Article
Correction of vital statistics based on a proactive search of deaths and live births: evidence from a study of the North and Northeast regions of Brazil
Registro en:
SZWARCWALD, Célia Landmann et al. Correction of vital statistics based on a proactive search of deaths and live births: evidence from a study of the north and northeast regions of brazil. Population Health Metrics, v. 12, n. 1, p. 1-10, 2014.
14787954
10.1186/1478-7954-12-16
Autor
Szwarcwald, Celia Landmann
Frias, Paulo Germano de
Souza Júnior, Paulo Roberto Borges de
Almeida, Wanessa da Silva de
Morais Neto, Otaliba Libânio de
Resumen
Background: In the last 20 years, Brazil has undergone dramatic changes in terms of socioeconomic development
and health care. In the first decade of the 2000s, the Ministry of Health (MoH) developed a series of programs
focused on reducing infant mortality, including the Family Health Program as a national policy for primary care. In
this paper, we propose a method to correct underreporting of deaths and live births. After vital statistics are
corrected, infant mortality trends are analyzed for the period 2000–2010 by macro-geographical region.
Methods: A proactive search of live births and deaths was carried out in the Amazon and Northeast regions in
2010 to find vital events that occurred in 2008 and were not reported to the Ministry of Health. The probabilistic
sample of 133 municipalities was stratified by adequacy of vital information reporting. For each municipality, the
adequacy analysis was based on the reported age-standardized mortality rate per 1,000 population and the ratio
between reported and estimated live births. Correction factors were estimated by strata based on additional vital
events found in the proactive search. The procedure was generalized to correct municipal vital statistics for the
period 2000–2010.
Results: In the proactive search, 35% of non-reported deaths were found within the health system (hospitals and
other health establishments), but 28% were found in non-official sources, like illegal cemeteries.
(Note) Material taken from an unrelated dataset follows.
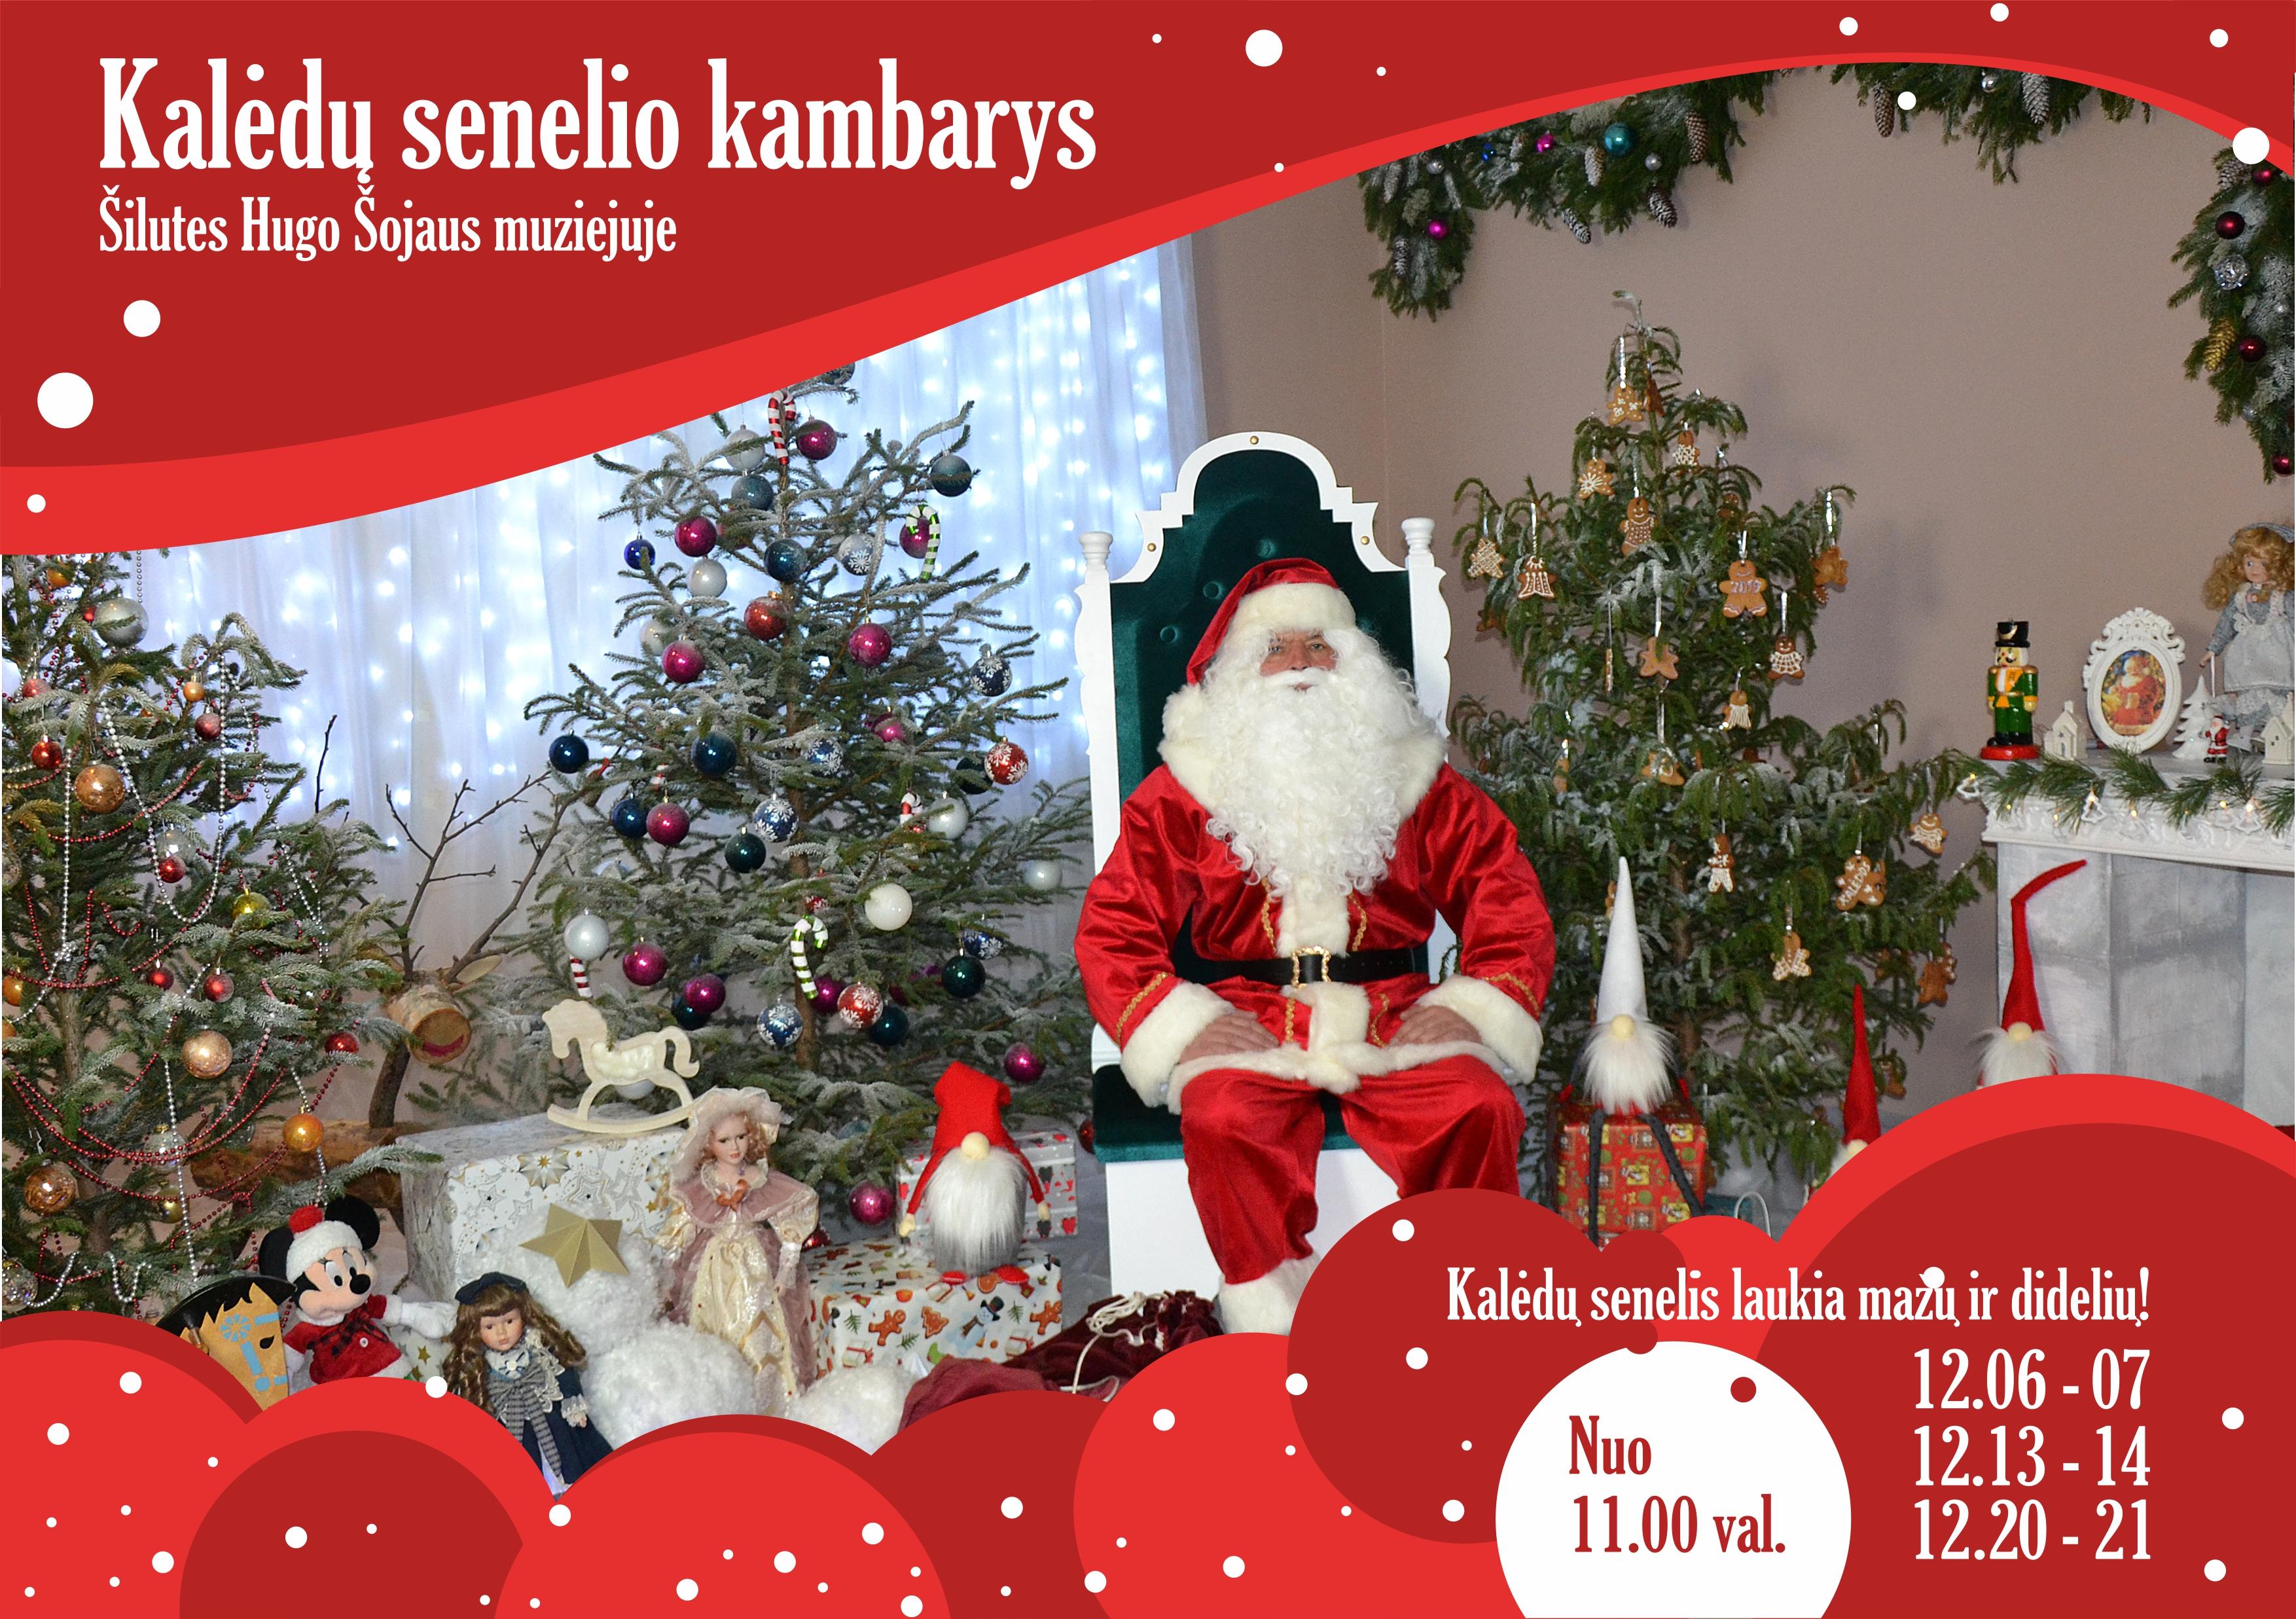 Kalėdų senelis atvyksta į Šilutės Hugo Šojaus muziejų
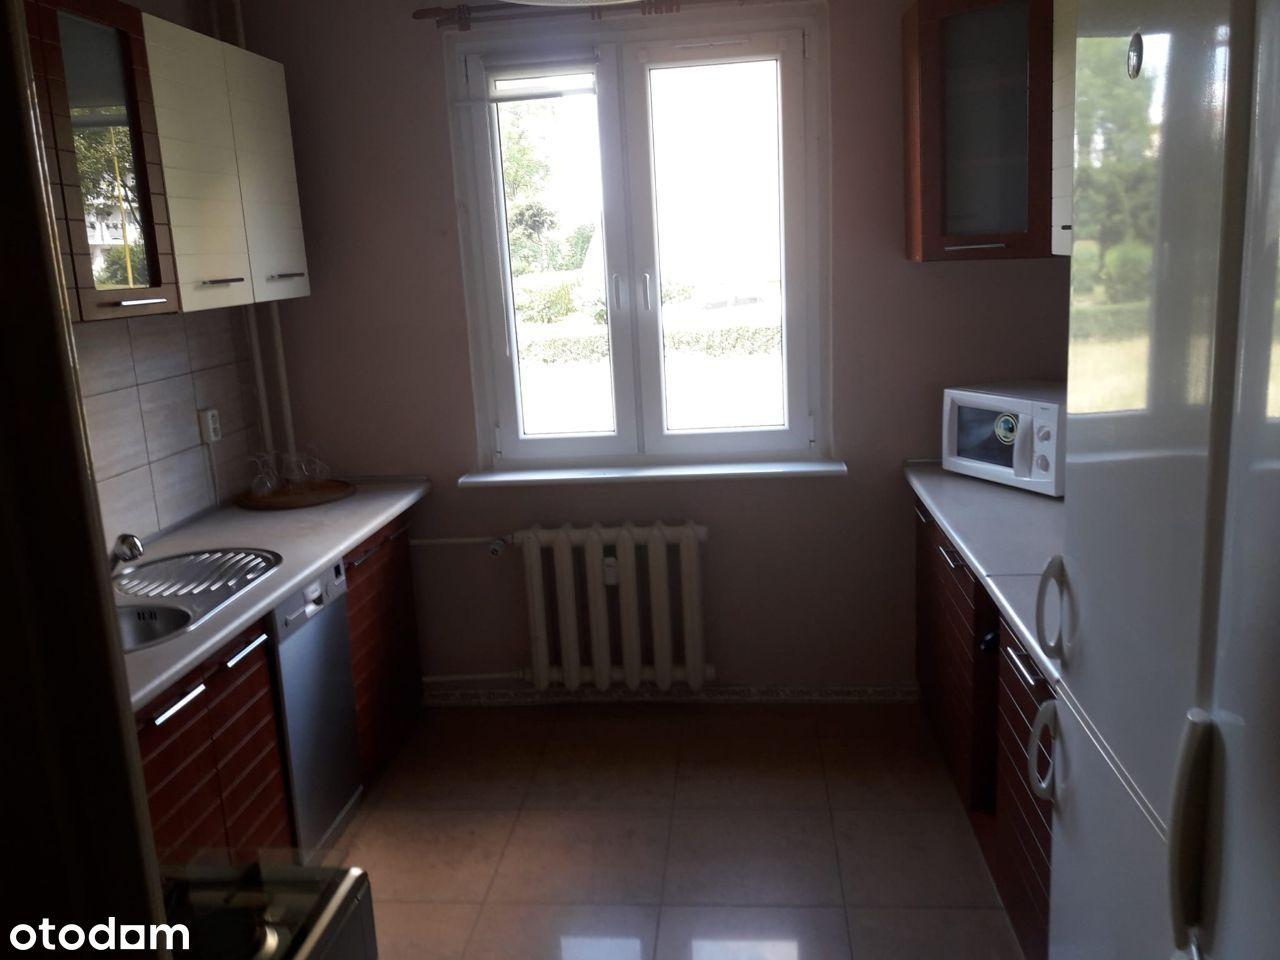 Książąt Pomorskich-mieszkanie dla firm!!! 4 pokoje

In areas of extreme
poverty and unreliable vital information, the estimated completeness of infant death reporting was only 33%. After
correction of vital information, the estimated infant mortality rate decreased from 26.1 in 2000 to 16.0 in 2010, with
an annual rate of decrease of 4.7%, greater than the required rate to achieve the Millennium Development Goal.
Among Brazilian regions, the Northeast showed the largest decrease, from 38.4 to 20.1 per 1,000 live births.
Conclusions: The proactive search for vital events was shown to be a good strategy both in terms of
understanding local irregularities and for correcting vital statistics. The methodology could be applied in other
countries to routinely assess the pattern and extent of birth and death under-registration in order to improve the
utility of these data to inform health policies.